Atomic-Resolution Vibrational Mapping of Bilayer Borophene

Hui Li; Levi C. Felix; Qiucheng Li; Qiyuan Ruan; Boris I. Yakobson; Mark C. Hersam

doi:10.1021/acs.nanolett.4c03224

Atomic-Resolution Vibrational Mapping of Bilayer Borophene

Hui Li, Levi C. Felix, Qiucheng Li, Qiyuan Ruan, Boris I. Yakobson^*, Mark C. Hersam^*

^*Corresponding author for this work

Materials Science and Engineering

Research output: Contribution to journal › Article › peer-review

Abstract

The successful synthesis of borophene beyond the monolayer limit has expanded the family of two-dimensional boron nanomaterials.

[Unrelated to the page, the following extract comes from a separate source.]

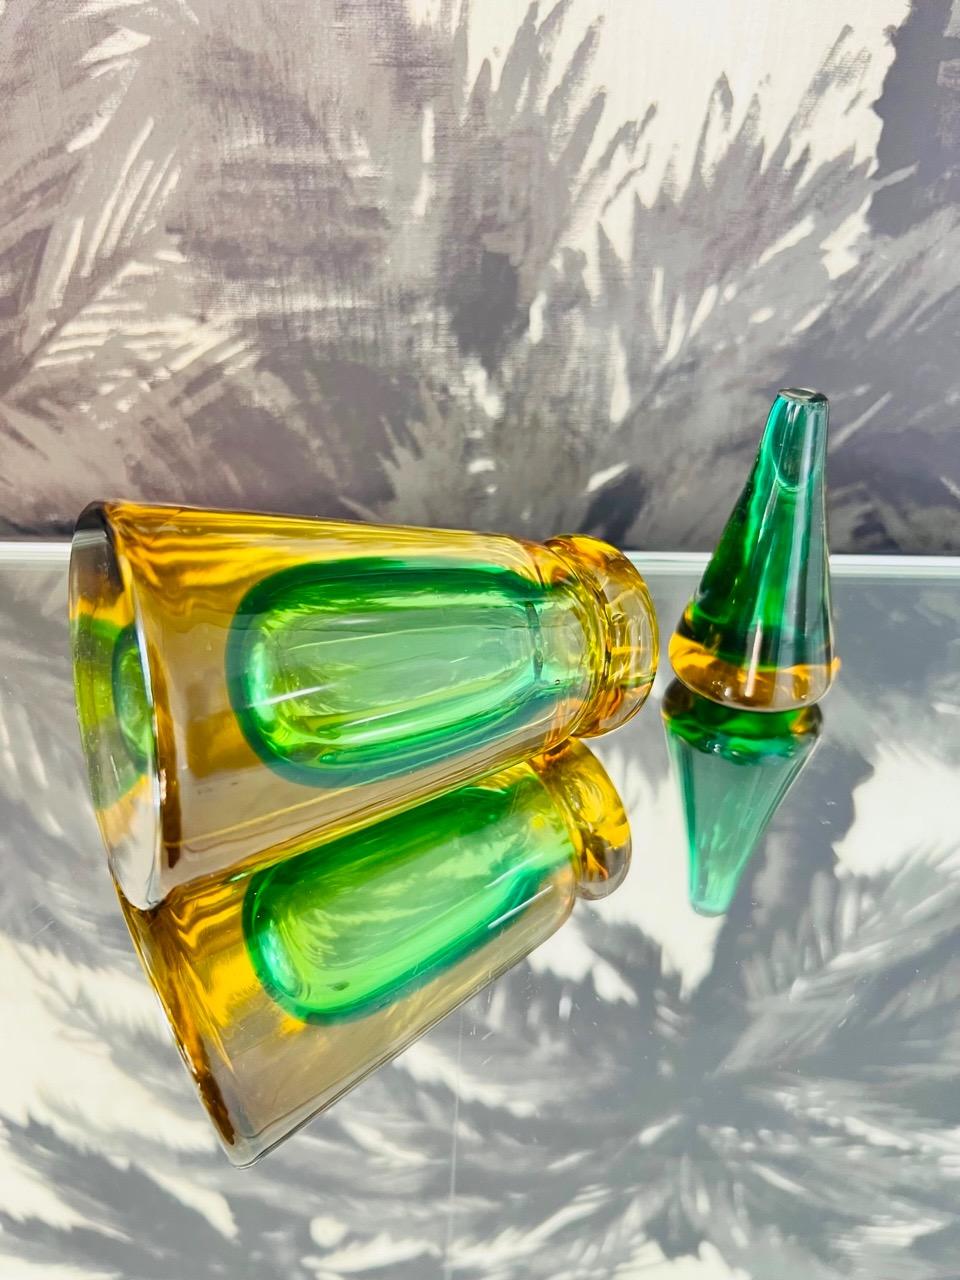 Mid-20th Century Green and Yellow Murano Glass Bottle Designed by Flavio Poli, c. 1960
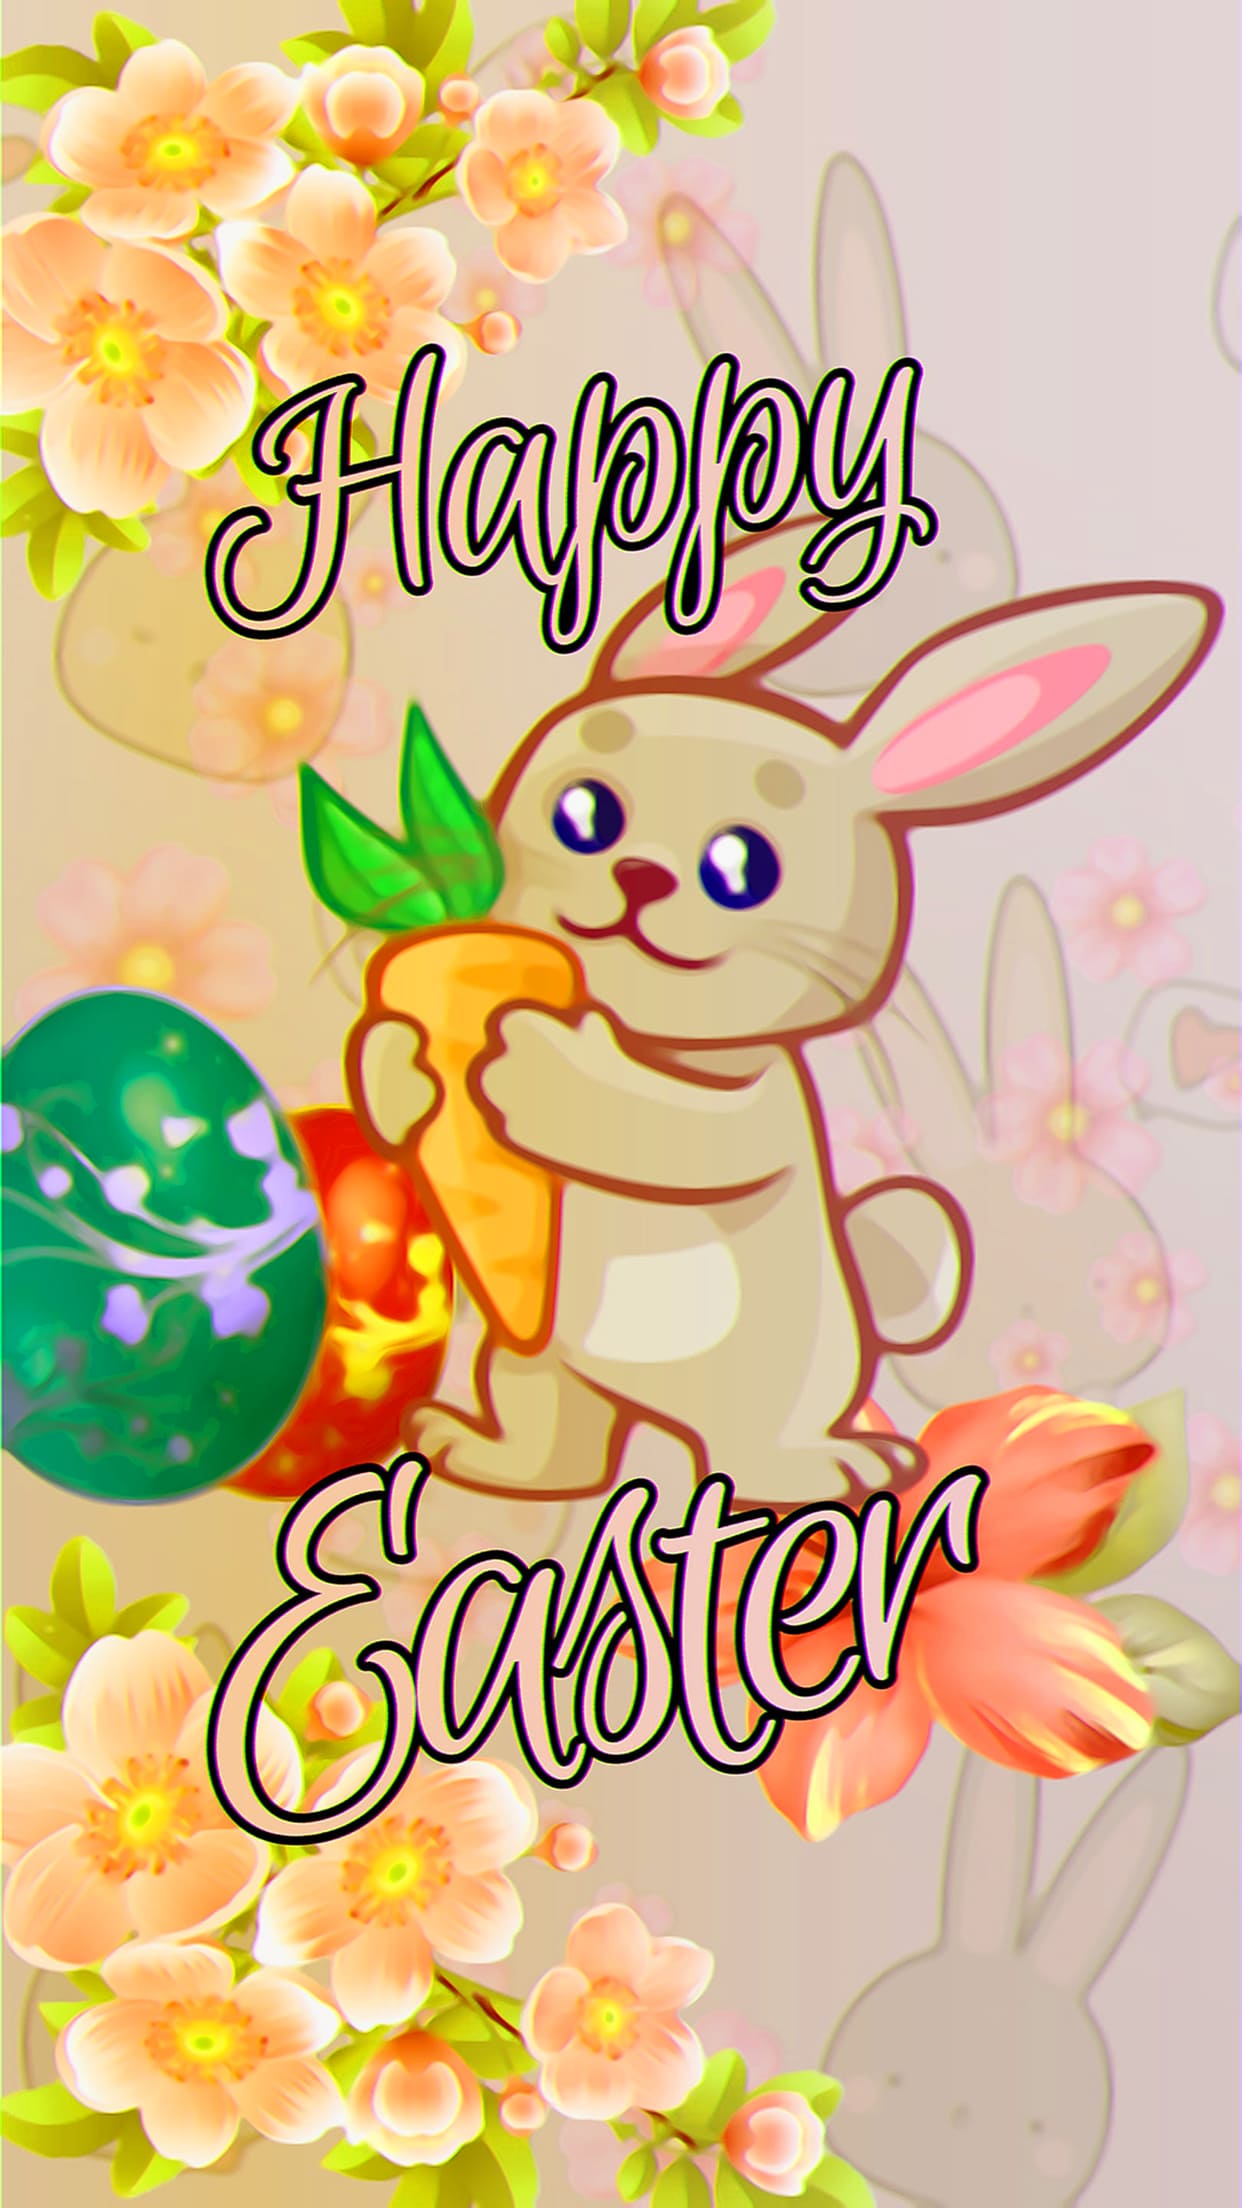 Easter Bunny Wallpapers

While atomic-resolution topographic imaging has been previously reported, vibrational mapping has the potential to reveal deeper insight into the chemical bonding and electronic properties of bilayer borophene. Herein, inelastic electron tunneling spectroscopy (IETS) is used to resolve the low-energy vibrational and electronic properties of bilayer-α (BL-α) borophene on Ag(111) at the atomic scale. Using a carbon monoxide (CO)-functionalized scanning tunneling microscopy tip, the BL-α borophene IETS spectra reveal unique features compared to single-layer borophene and typical CO vibrations on metal surfaces. Distinct vibrational spectra are further observed for hollow and filled boron hexagons within the BL-α borophene unit cell, providing evidence for interlayer bonding between the constituent borophene layers. These experimental results are compared with density functional theory calculations to elucidate the interplay between the vibrational modes and electronic states in bilayer borophene.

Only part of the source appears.